DATASET CONTENT: Begin

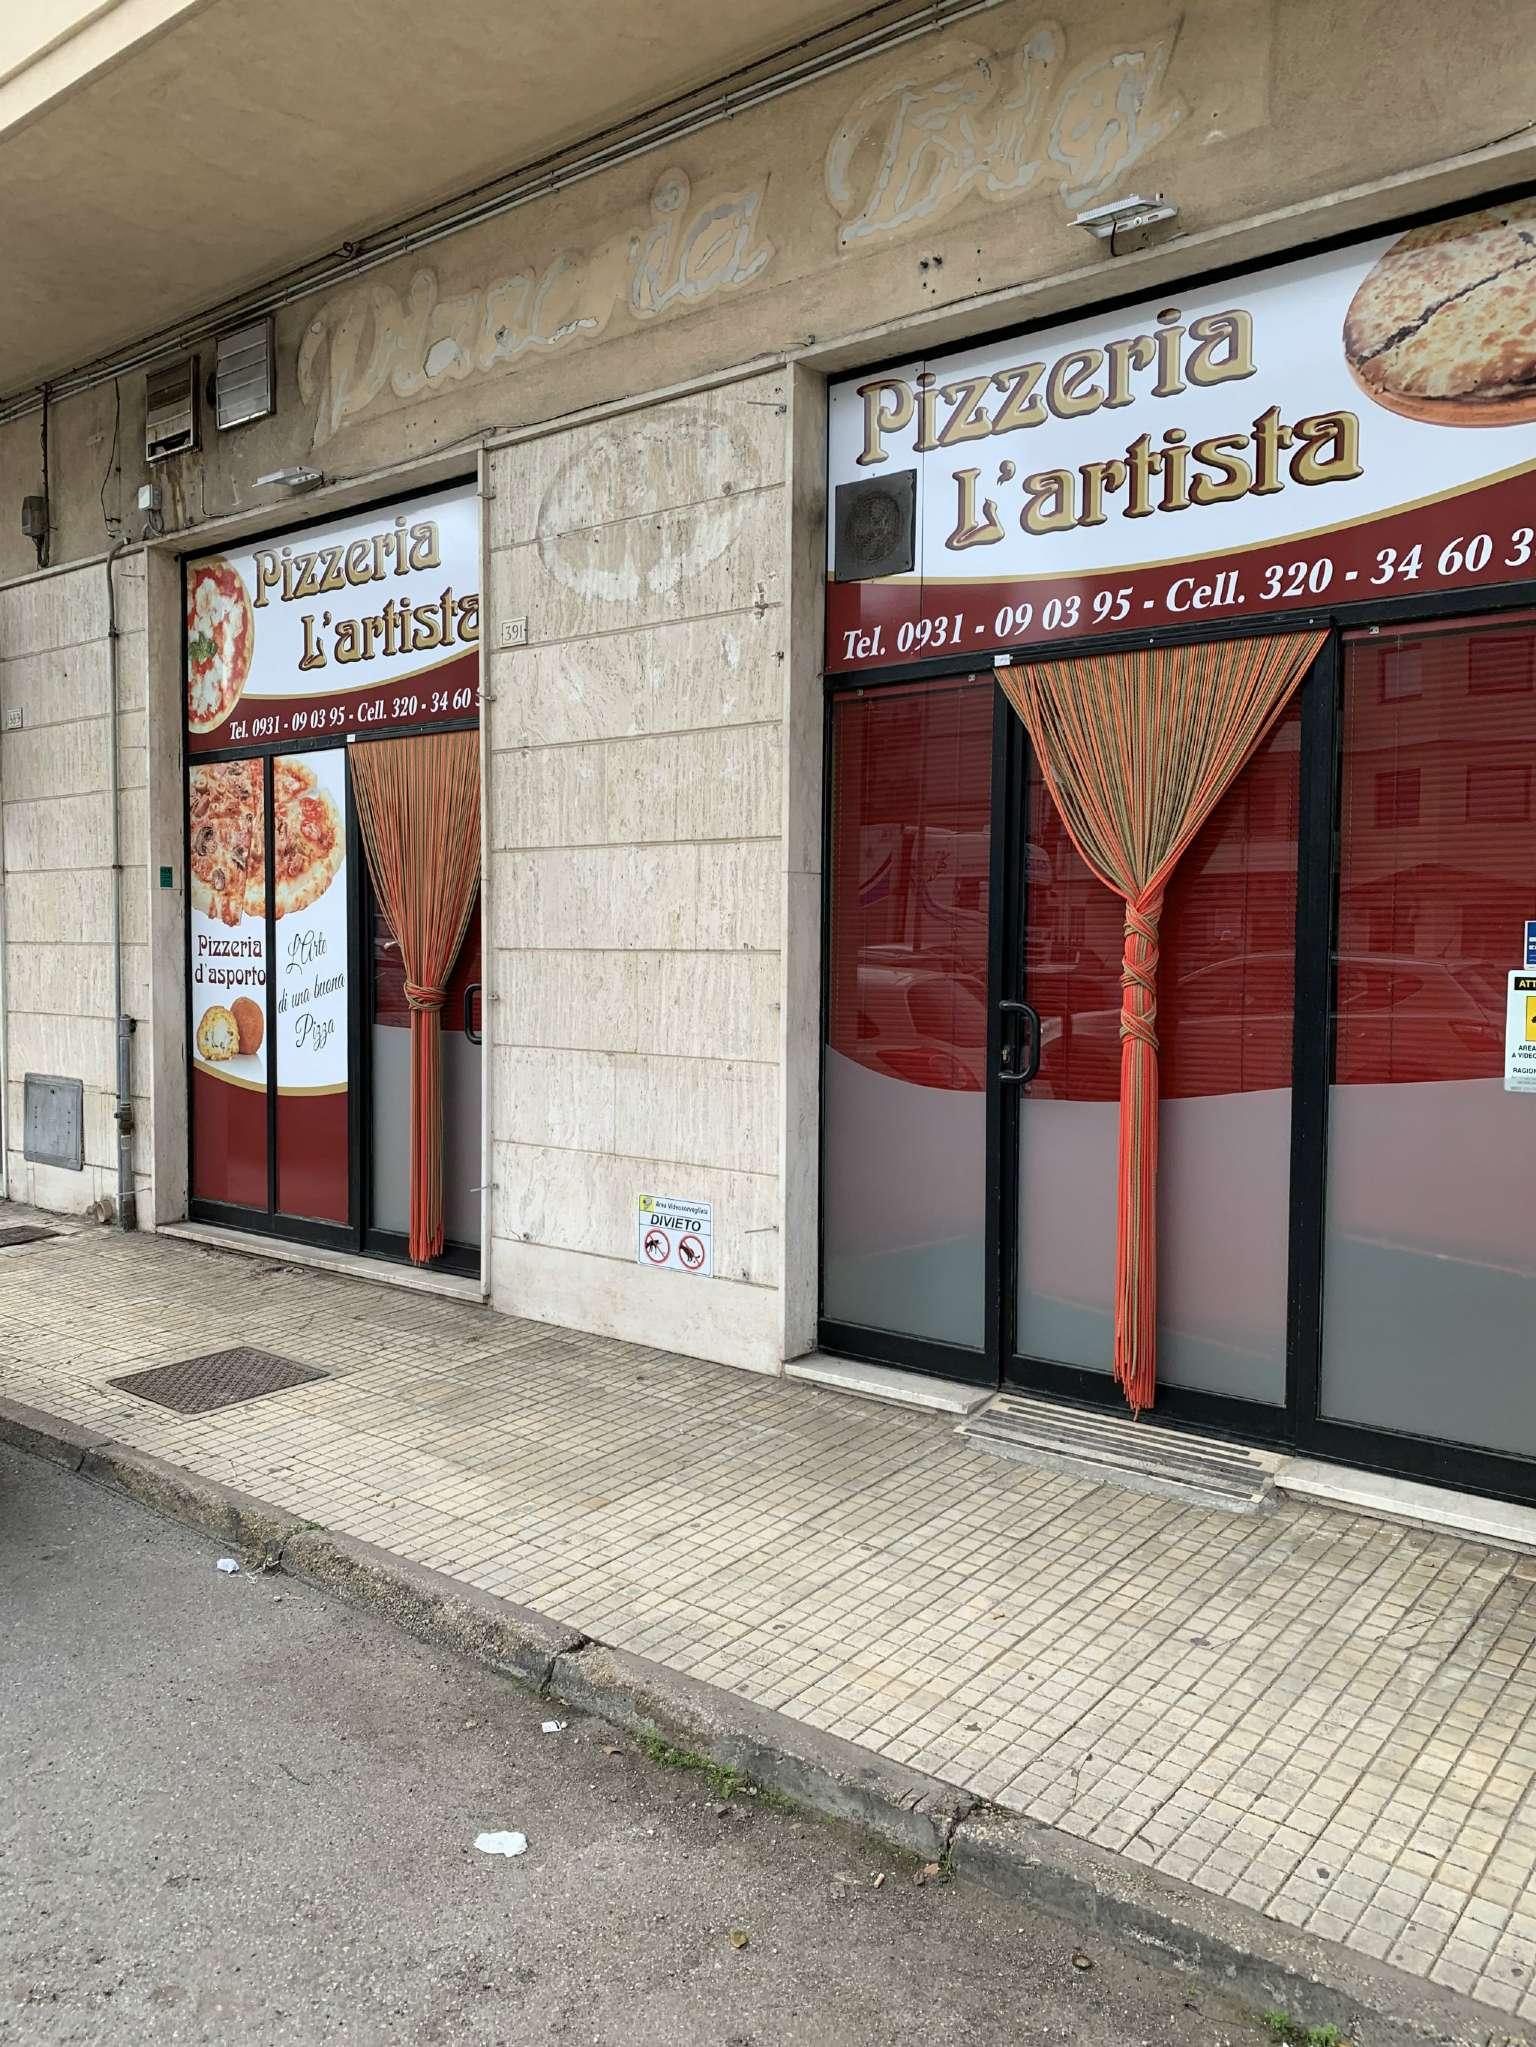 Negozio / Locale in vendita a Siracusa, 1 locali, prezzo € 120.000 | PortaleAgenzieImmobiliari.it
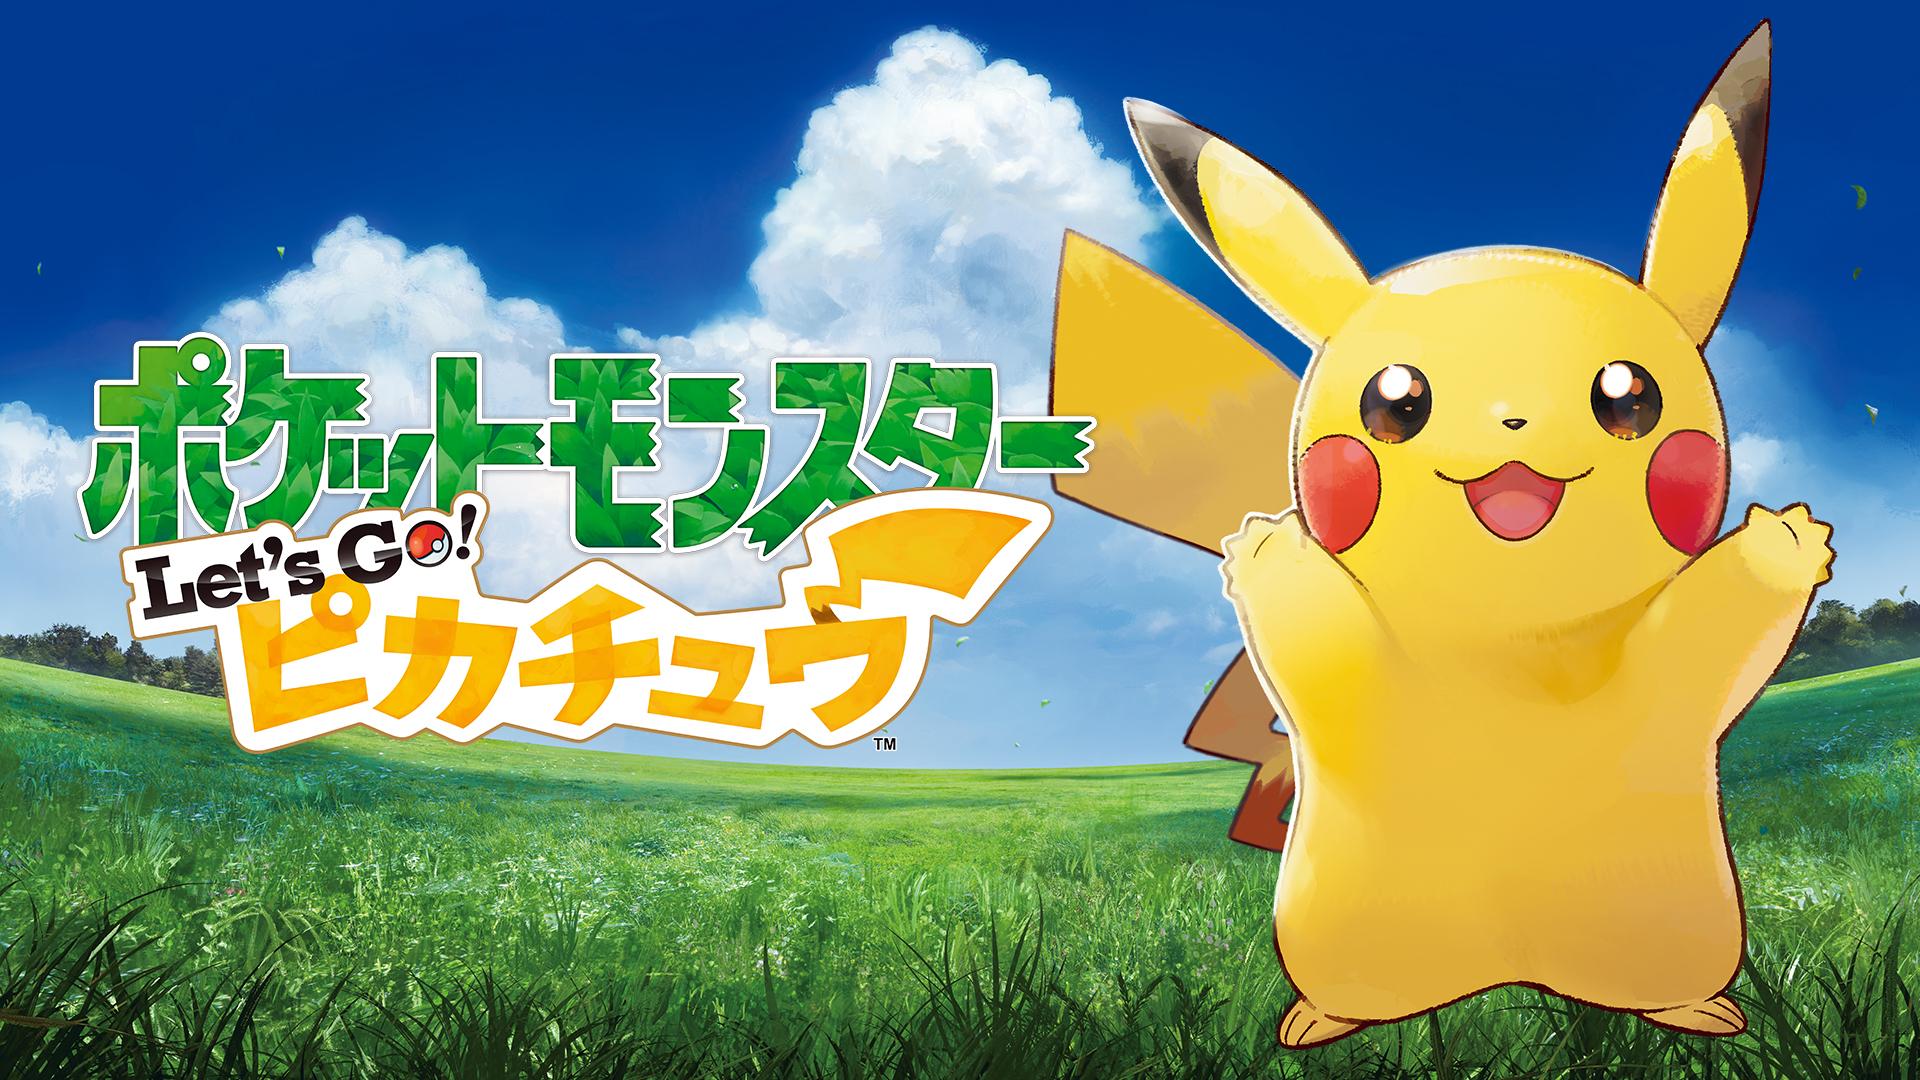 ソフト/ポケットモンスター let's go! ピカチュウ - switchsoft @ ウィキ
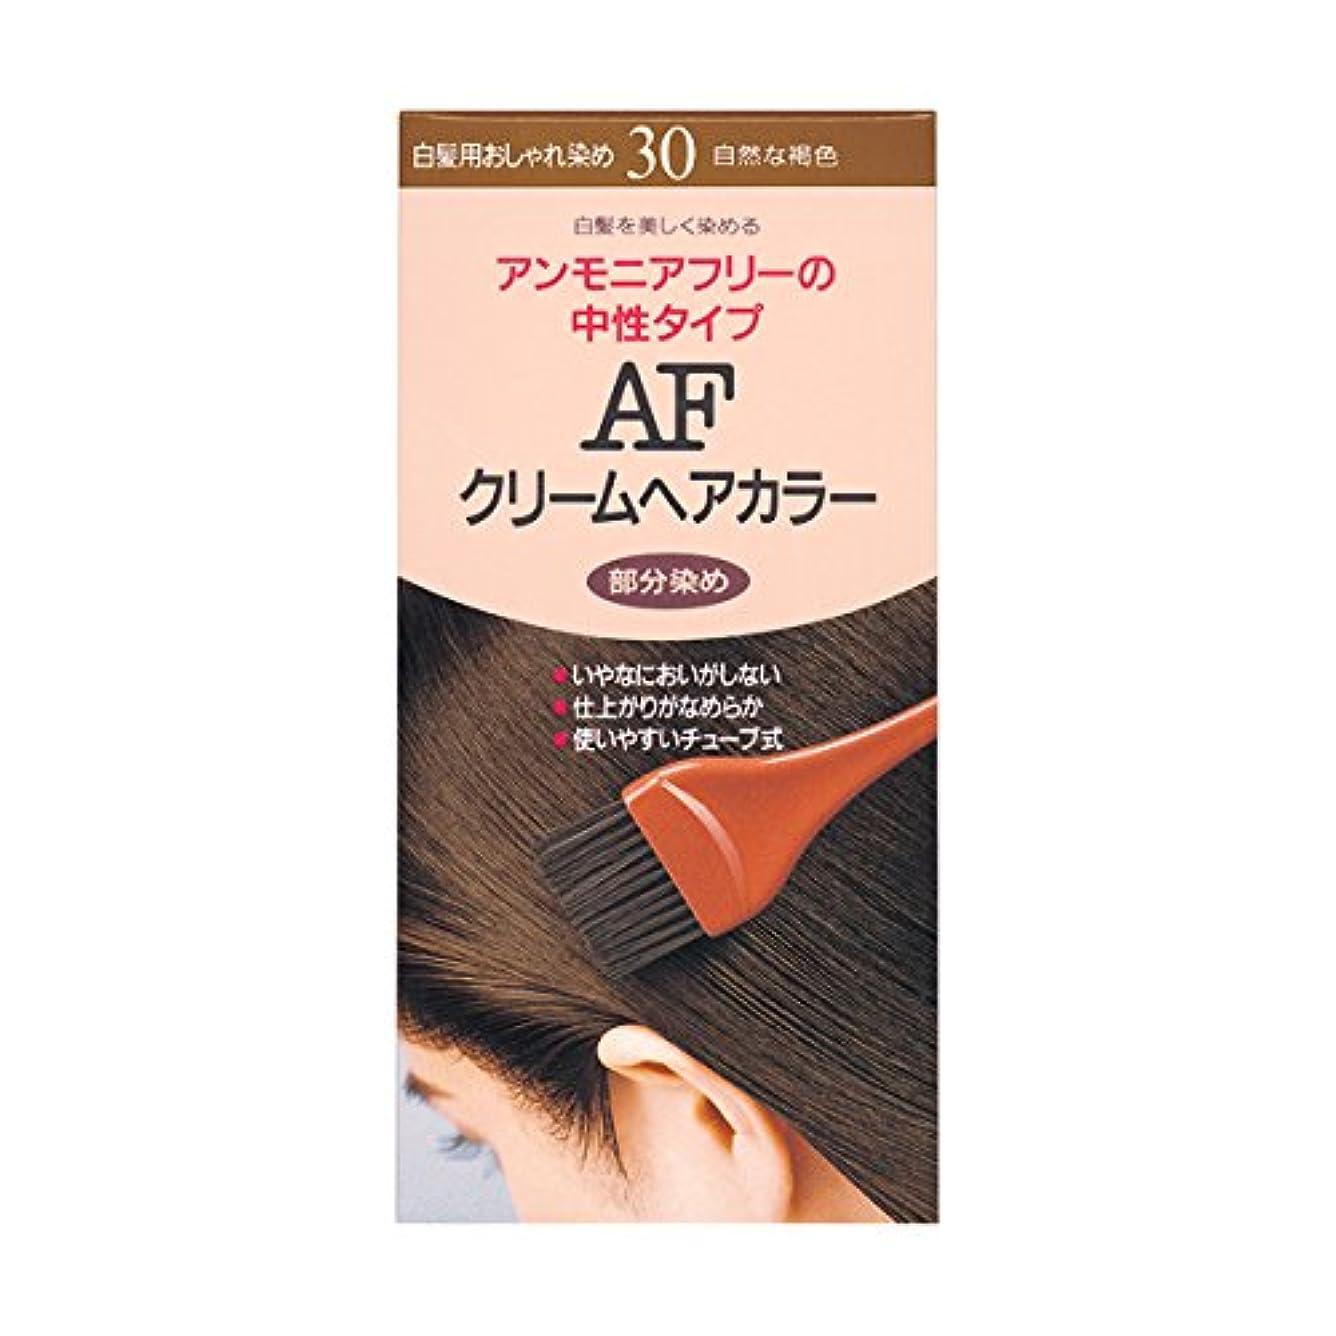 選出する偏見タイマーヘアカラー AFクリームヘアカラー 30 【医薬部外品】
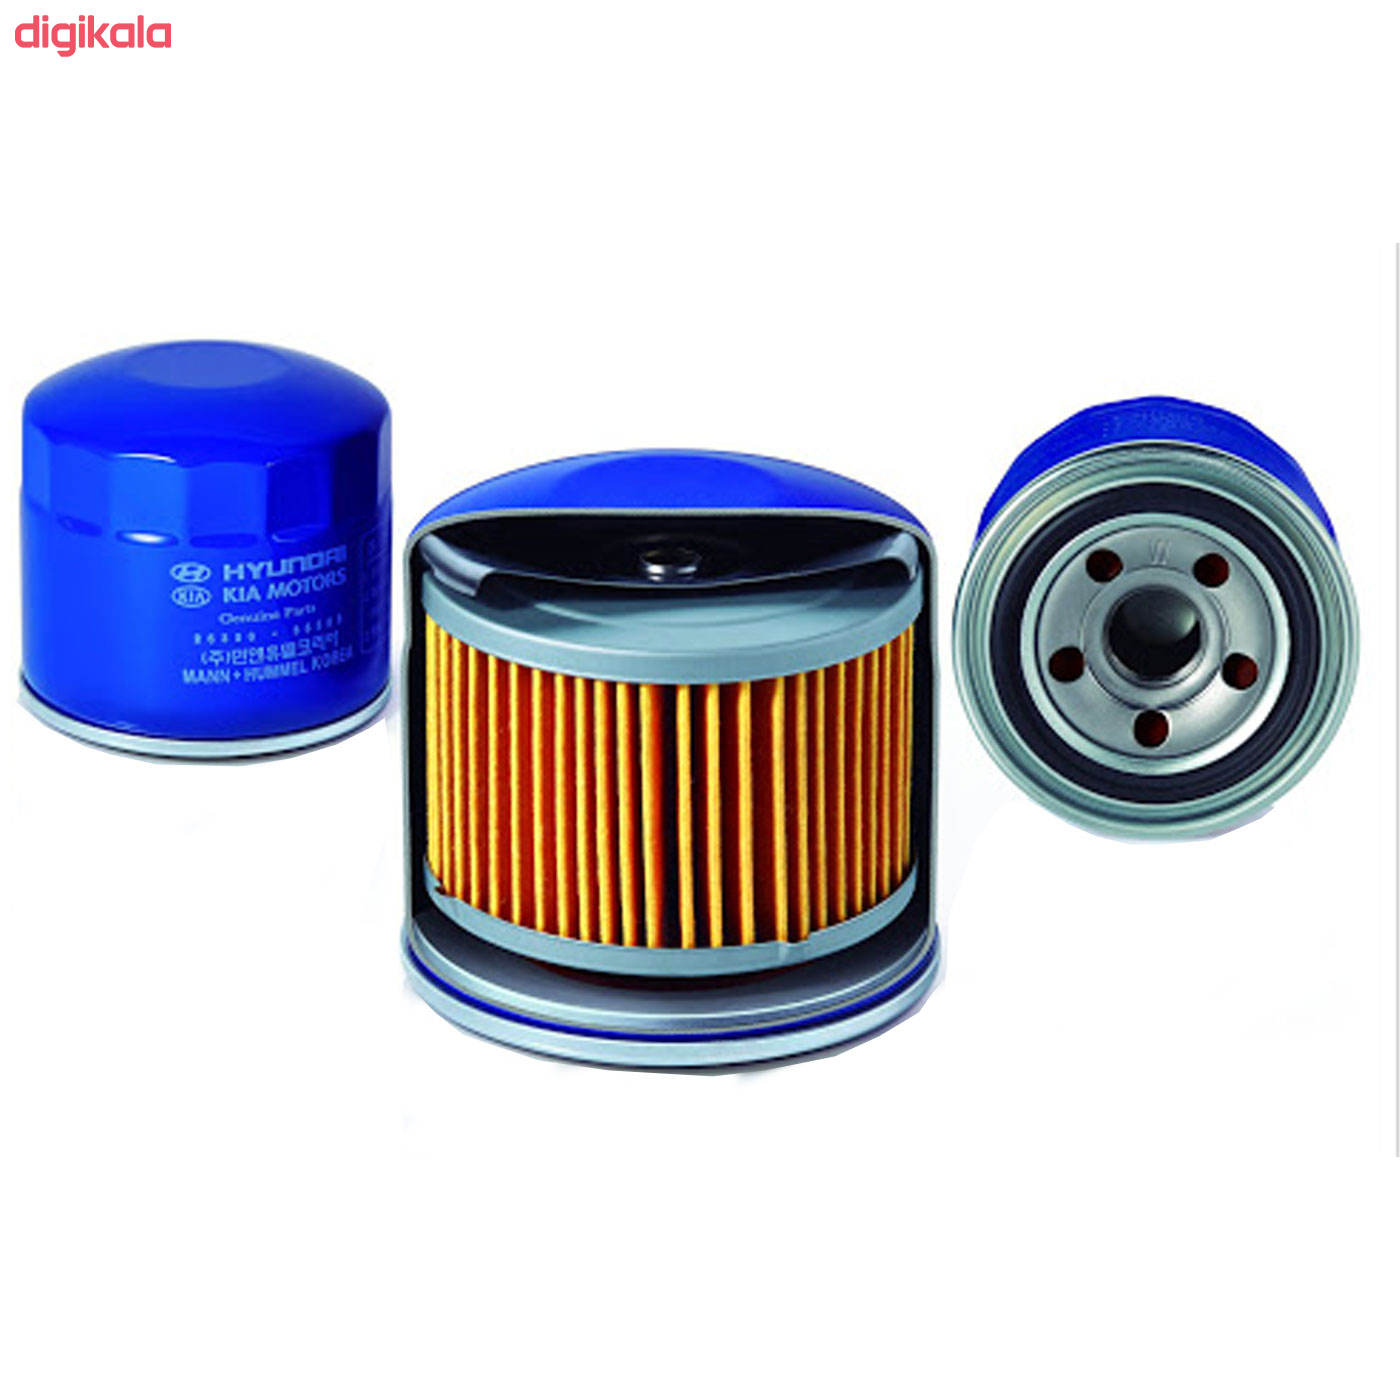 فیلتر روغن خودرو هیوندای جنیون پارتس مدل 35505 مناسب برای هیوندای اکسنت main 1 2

DATASET CONTENT: End

- **ABOUT THIS TASK**: Please give back the data above word for word, with no pictures included.

- **REPLY TO THE TASK**:
 Negozio / Locale in vendita a Siracusa, 1 locali, prezzo € 120.000 | PortaleAgenzieImmobiliari.it
 ソフト/ポケットモンスター let's go! ピカチュウ - switchsoft @ ウィキ
 選出する偏見タイマーヘアカラー AFクリームヘアカラー 30 【医薬部外品】
 فیلتر روغن خودرو هیوندای جنیون پارتس مدل 35505 مناسب برای هیوندای اکسنت main 1 2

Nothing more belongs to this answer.